A recent study from Resolution Foundation, an independent think tank, found that 18- to 24-year-olds were more likely to see their savings drop below £1,000 than older age groups. And the ONS found that 34% of 25- to 34-year-olds borrowed more than one year ago, compared to just 7% of those aged 75 and over.

But financial pressure may only be part of the story. McCullough says many younger people may feel more relaxed about borrowing than older generations.

“Millennials and Gen Z are the generations brought up only knowing and understanding low interest, low inflation, cheap debt, and readily available access to credit. As a result, they are more comfortable using credit to pay for food and bills and more open to borrowing from friends and family than previous generations.”
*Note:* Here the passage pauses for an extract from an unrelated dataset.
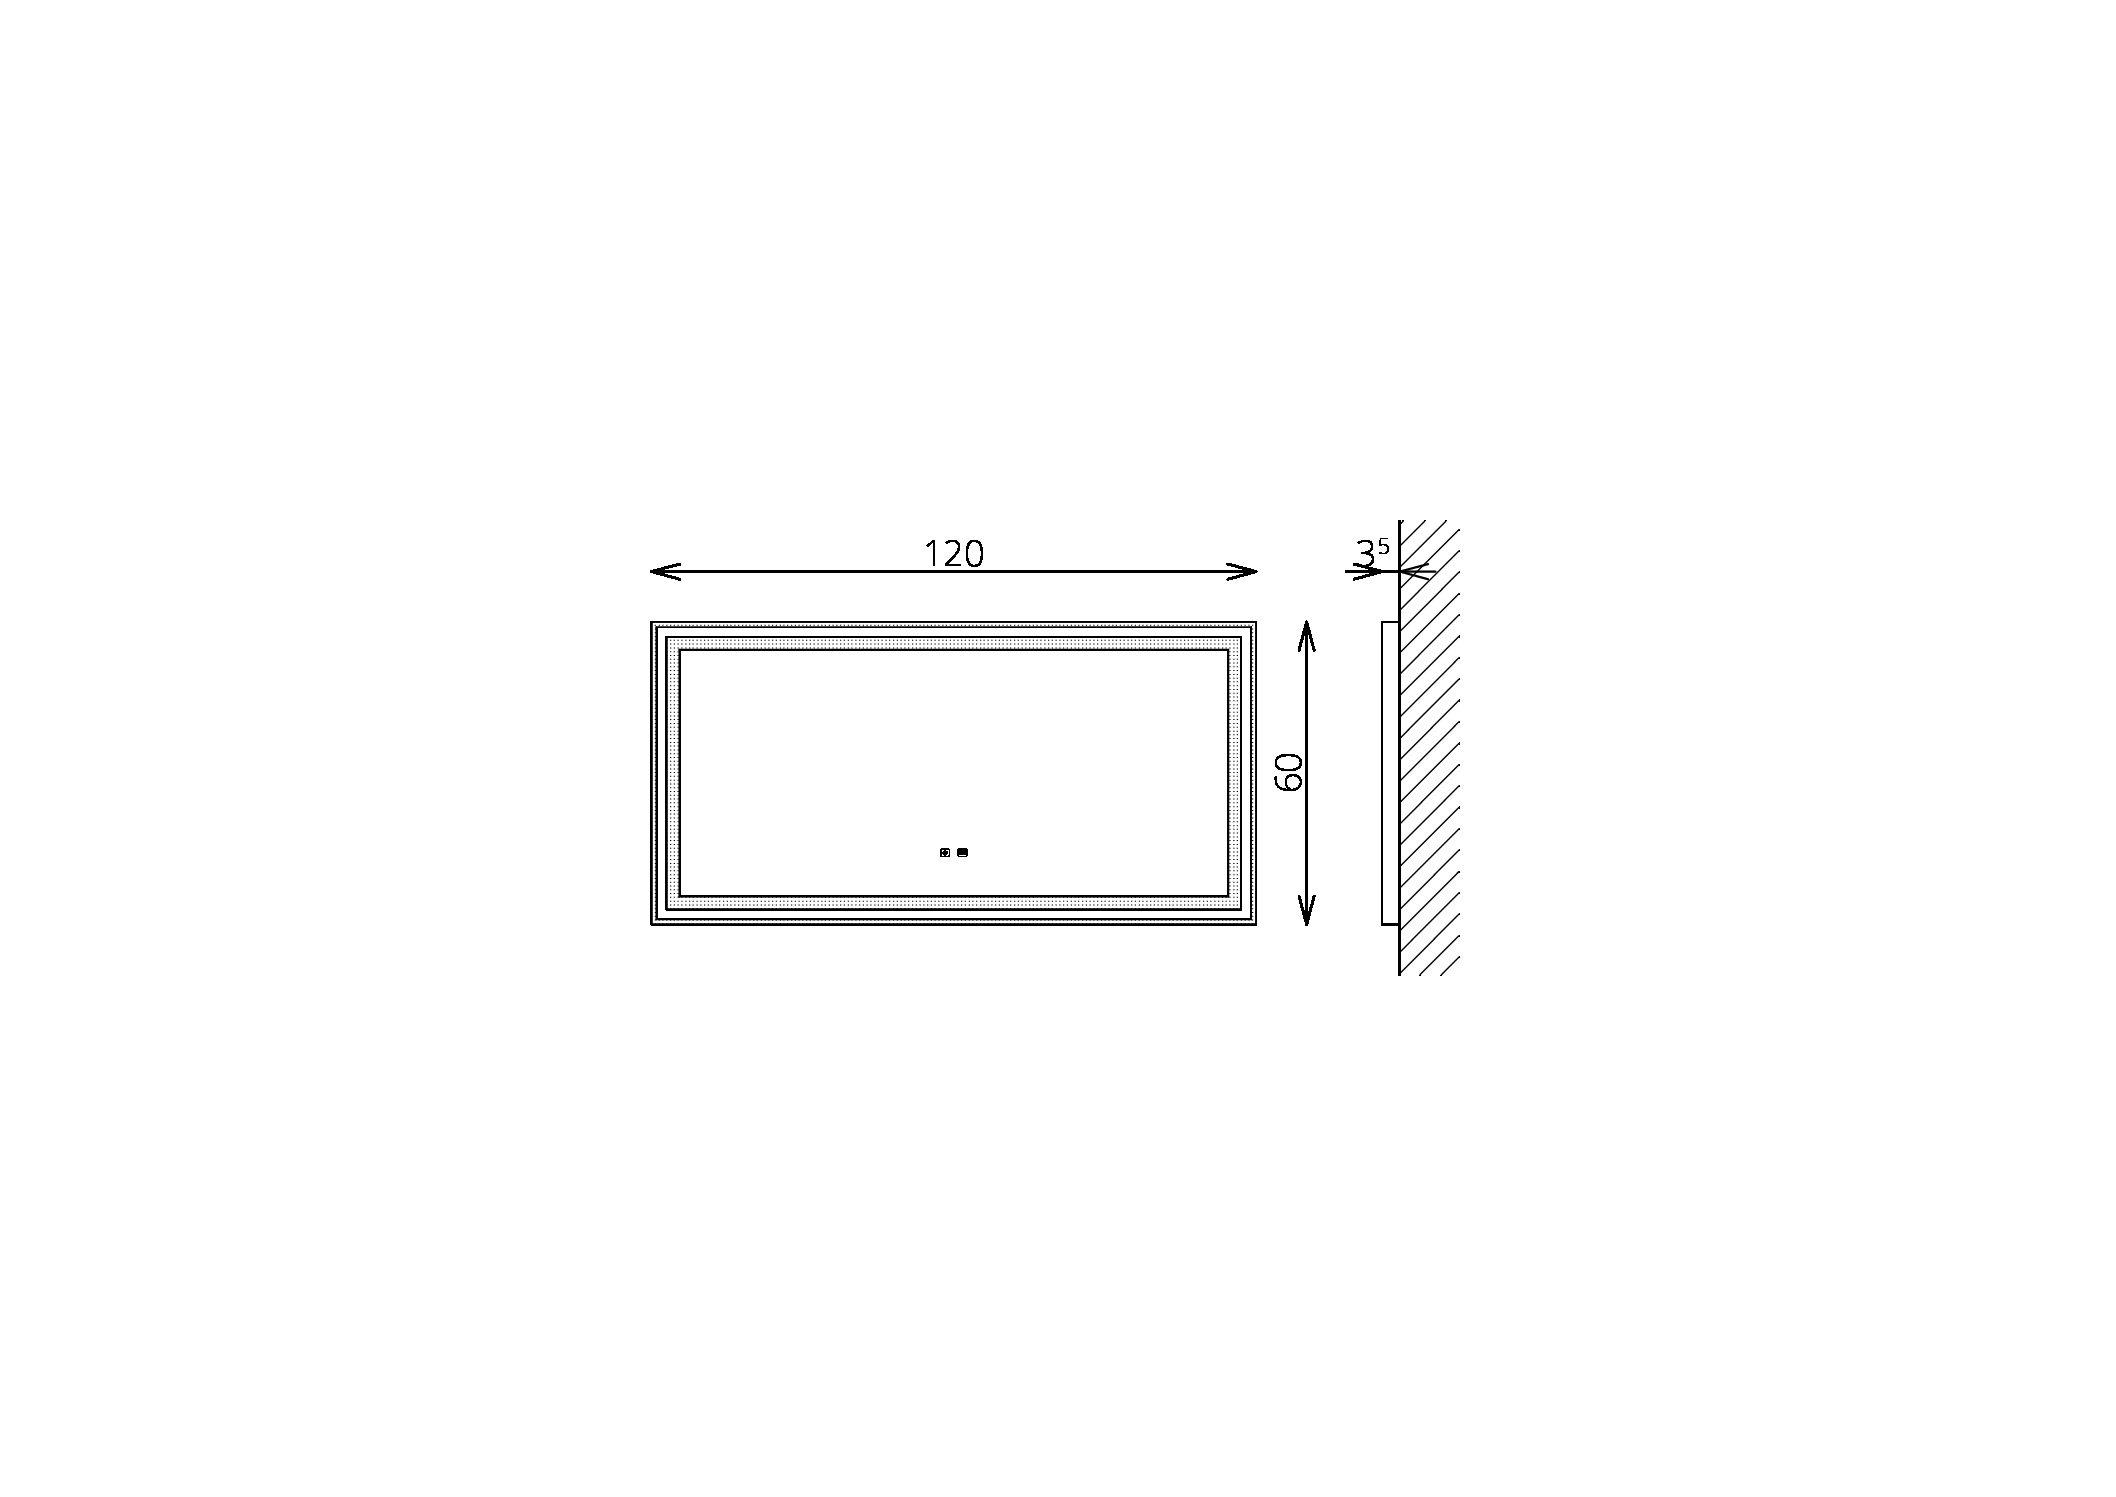 TBOSS-FLOATING-MIRROR-AURA-120x60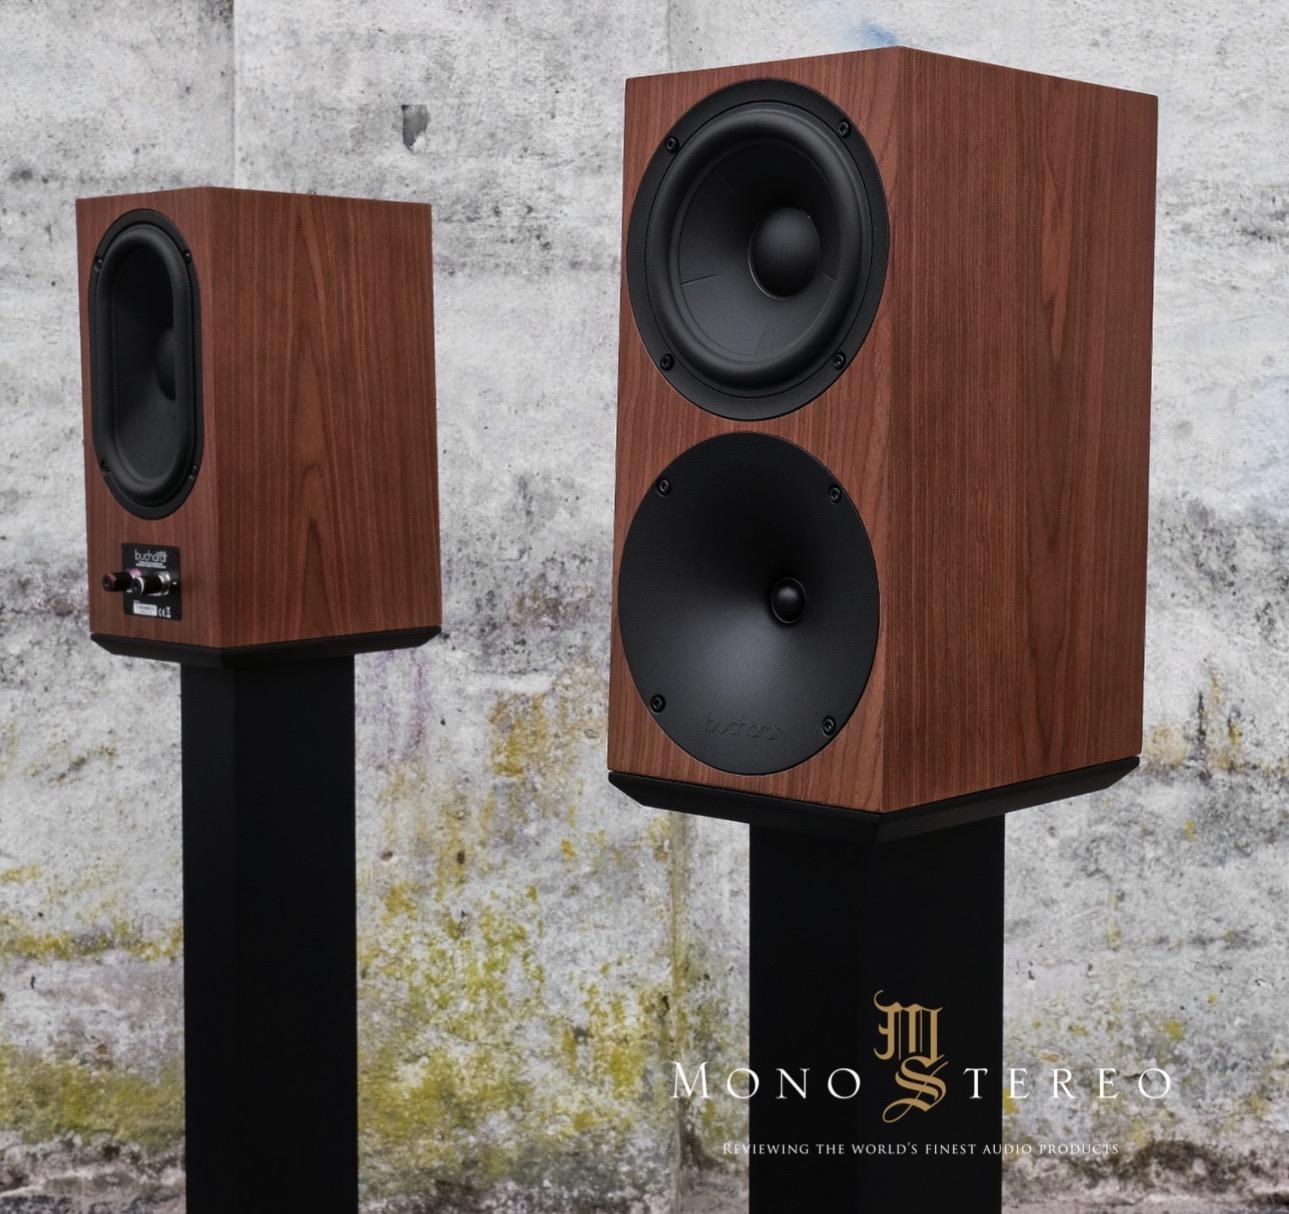 Mono and Stereo High-End Audio Magazine: NEW BUCHARDT AUDIO S400

[Millennials are those born between 1981 and 1996, while Gen Z are younger people born between 1997 and 2012.]

Buy now, pay later (BNPL) is also proving a popular form of borrowing among younger generations.

While BNPL can be helpful if it’s used effectively, it carries the same risks as other kinds of borrowing if you miss payments and build up debt. 

As well as more formal forms of credit, around 2.6 million of 18- to 34-year-olds had financial help from their parents in the past year, according to the Resolution Foundation. 

But not everyone will be fortunate enough to be able to borrow from friends or family.

With limited options available, some young people are having to take more drastic measures to cope.

The Resolution Foundation found that 20% of 18- to 24-year-olds and 16% of 25- to 34-year-olds were behind on at least one priority bill between December 2022 and March 2023, more than any other age group.

The same study also showed that younger people were more likely to eat less or skip meals because of a lack of money. 

Take control of your finances

Whatever your age or situation, you don’t need to cope on your own if you’re worried about money and finding it hard to afford your living expenses.

If you’re struggling to pay bills or make payments, speak to your provider as soon as possible to see if you can arrange a new payment plan that is more affordable for you.

Borrowing money may seem like a good short-term solution to your money worries, but this could make things worse and puts you at risk of building up problem debt.

Instead, it’s worth getting professional advice from a free debt charity, such as StepChange, Citizens Advice, or National Debtline. 

They can help you work out a plan to stop your money worries from spiralling out of control, as well as identify any benefits or extra support that you may be entitled to.